Police deactivating controversial WiFi network in Seattle

SEATTLE -- In what's being called a "gesture of good will," the Seattle Police Department has agreed to deactivate a WiFi network in downtown Seattle that some worried could be used to spy on residents.

Last week, the ACLU of Washington raised concerns about a number of white boxes that recently showed up in parts of downtown Seattle.

The boxes are part of a wireless mesh network that was installed by the Seattle Police Department to improve communication. However, there were immediate concerns about the network being used to track people's movements.

"In a democratic society you should be able to move freely without law enforcement tracking your movements unless they have reason to believe you're doing something wrong," ACLU communications director Doug Honig said last week.

In an effort to allay those fears, interim Seattle Police Chief Jim Pugel decided on Tuesday to deactivate the system, according to police spokesman Sean Whitcomb.

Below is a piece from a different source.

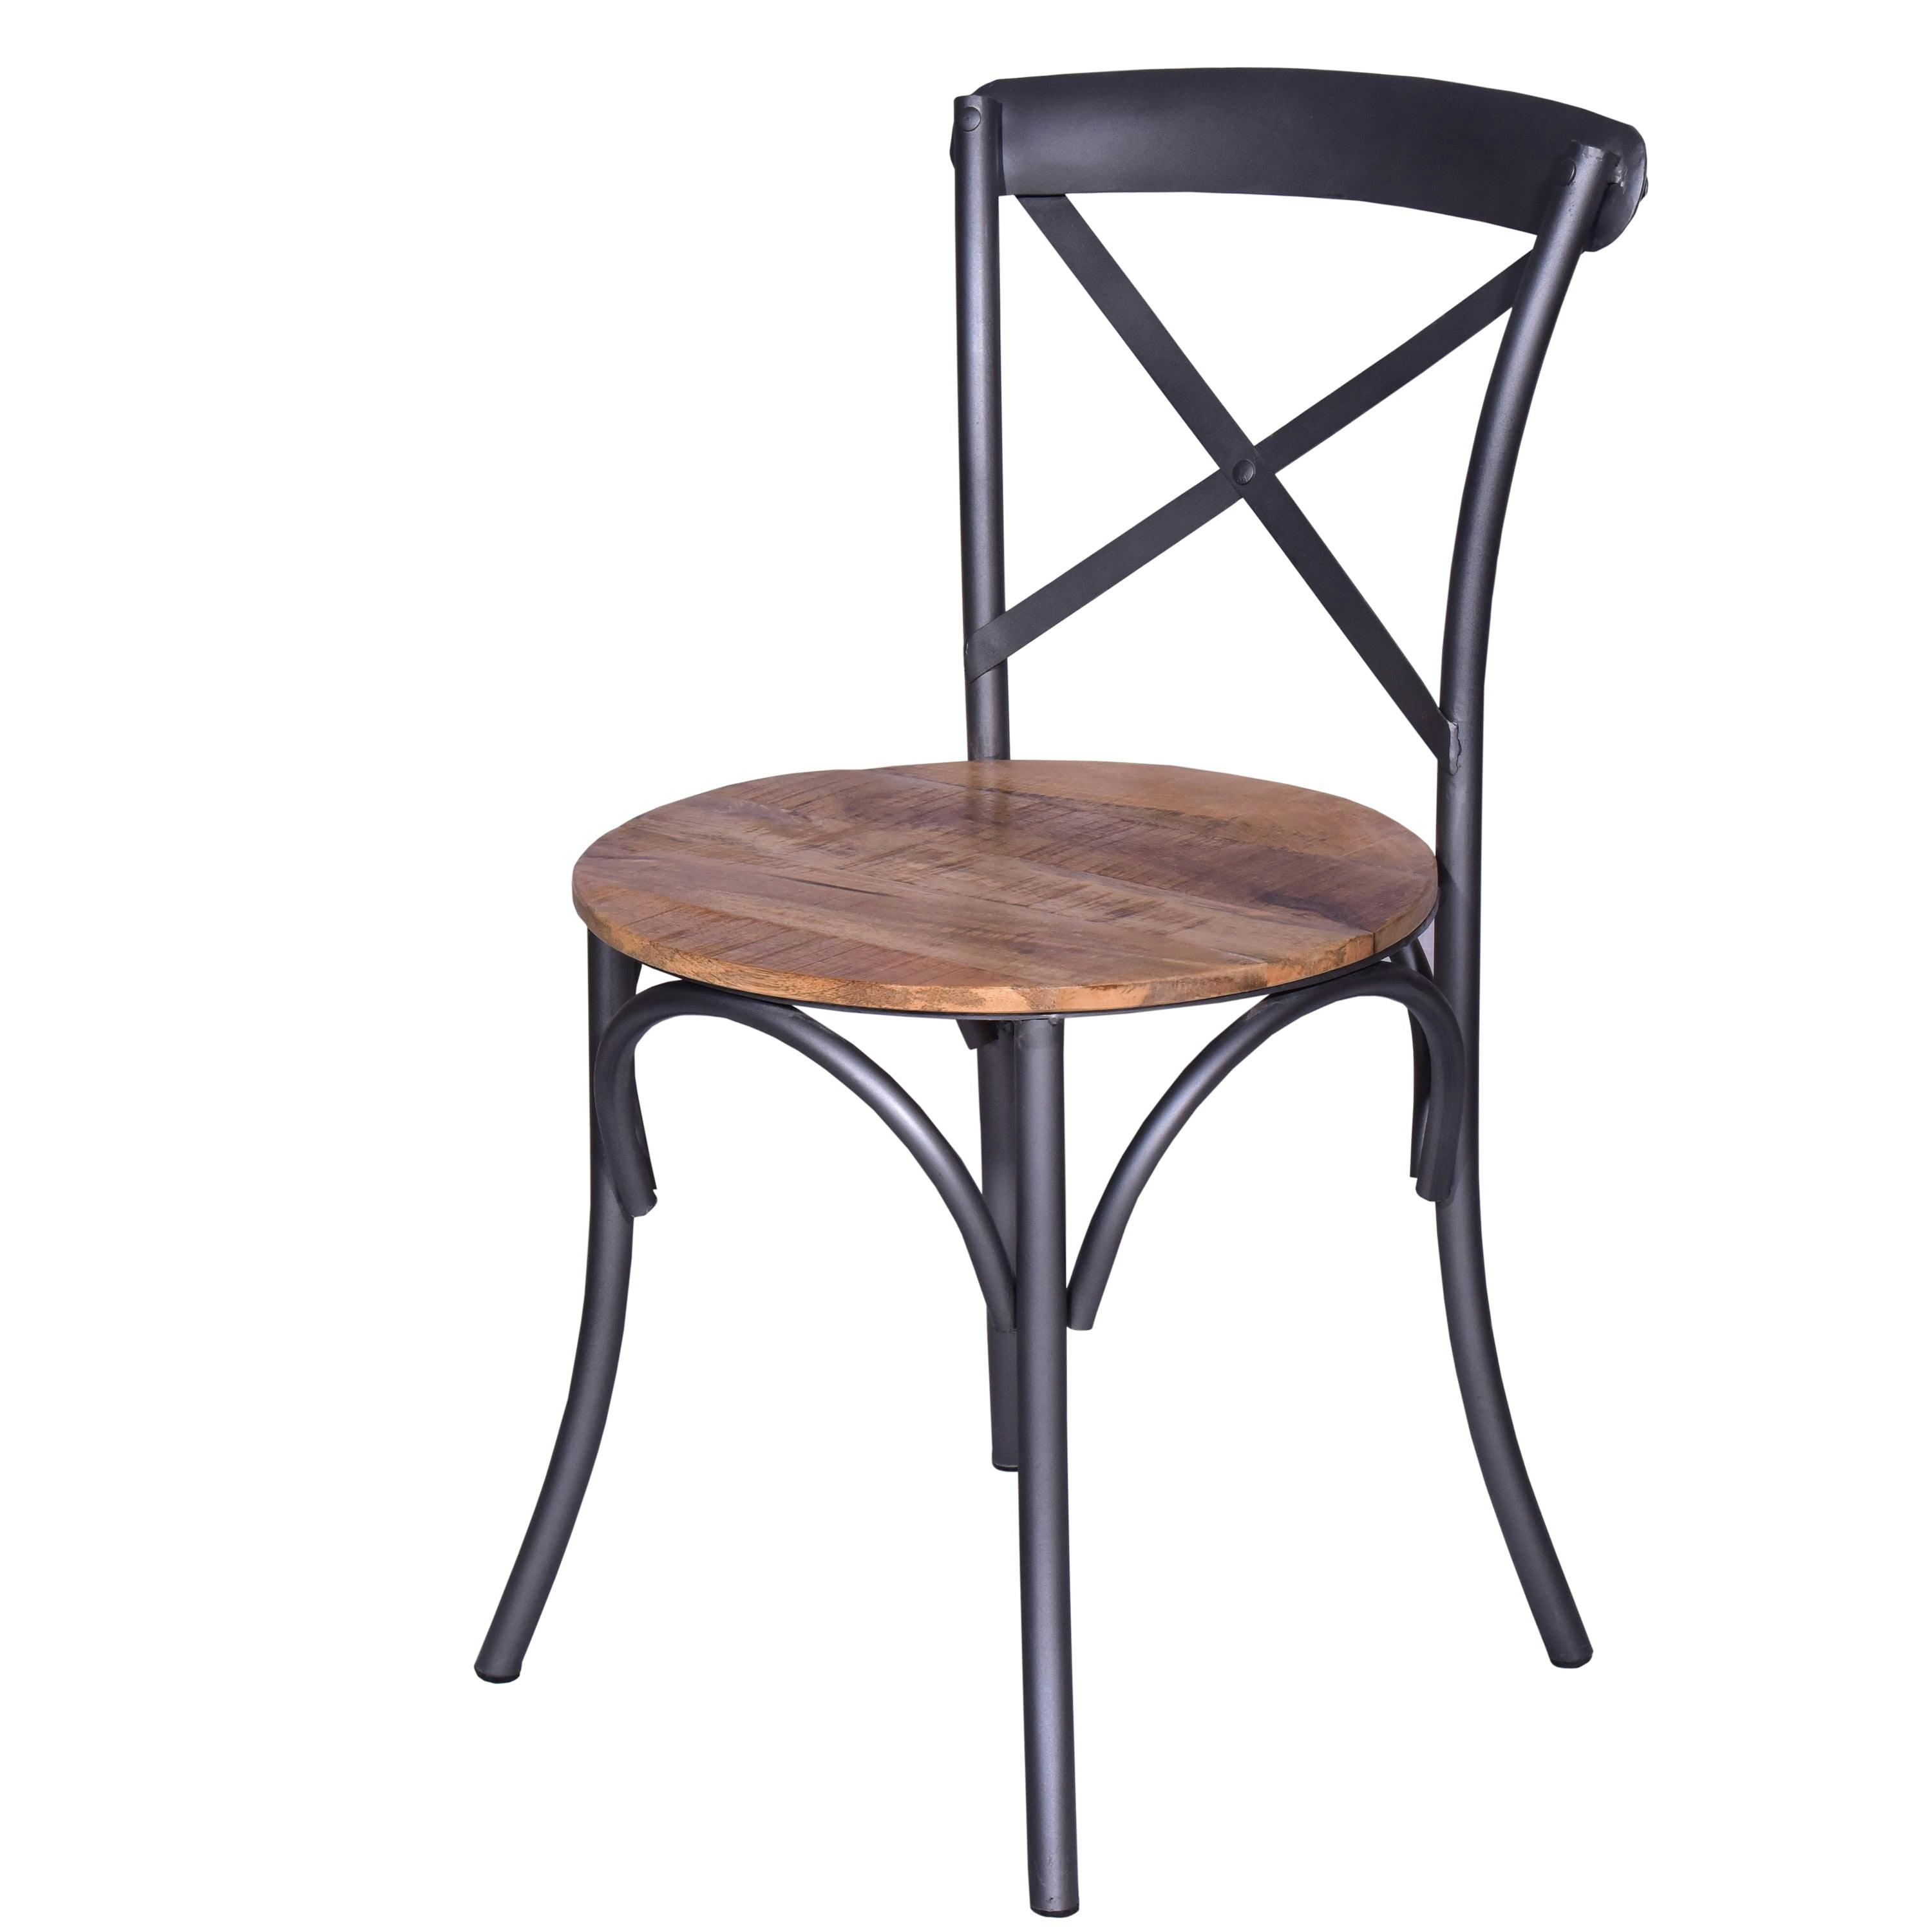 Rustic Industrial 19" Dining Chair with Mango Wood Seat and Metallic Frame

The system was installed using money from a Homeland Security grant related to another controversial waterfront surveillance system. Whitcomb said the police department will pay to have the system deactivated, though he doesn't yet know how much that task will cost.

The City council requires equipment that can be used for surveillance to be approved by ordinance before it's installed. Whitcomb said the wireless mesh system will not be reactivated until the City Council takes up the plan and allows for "a vigorous public debate."

There's no timetable for when the system will be fully offline.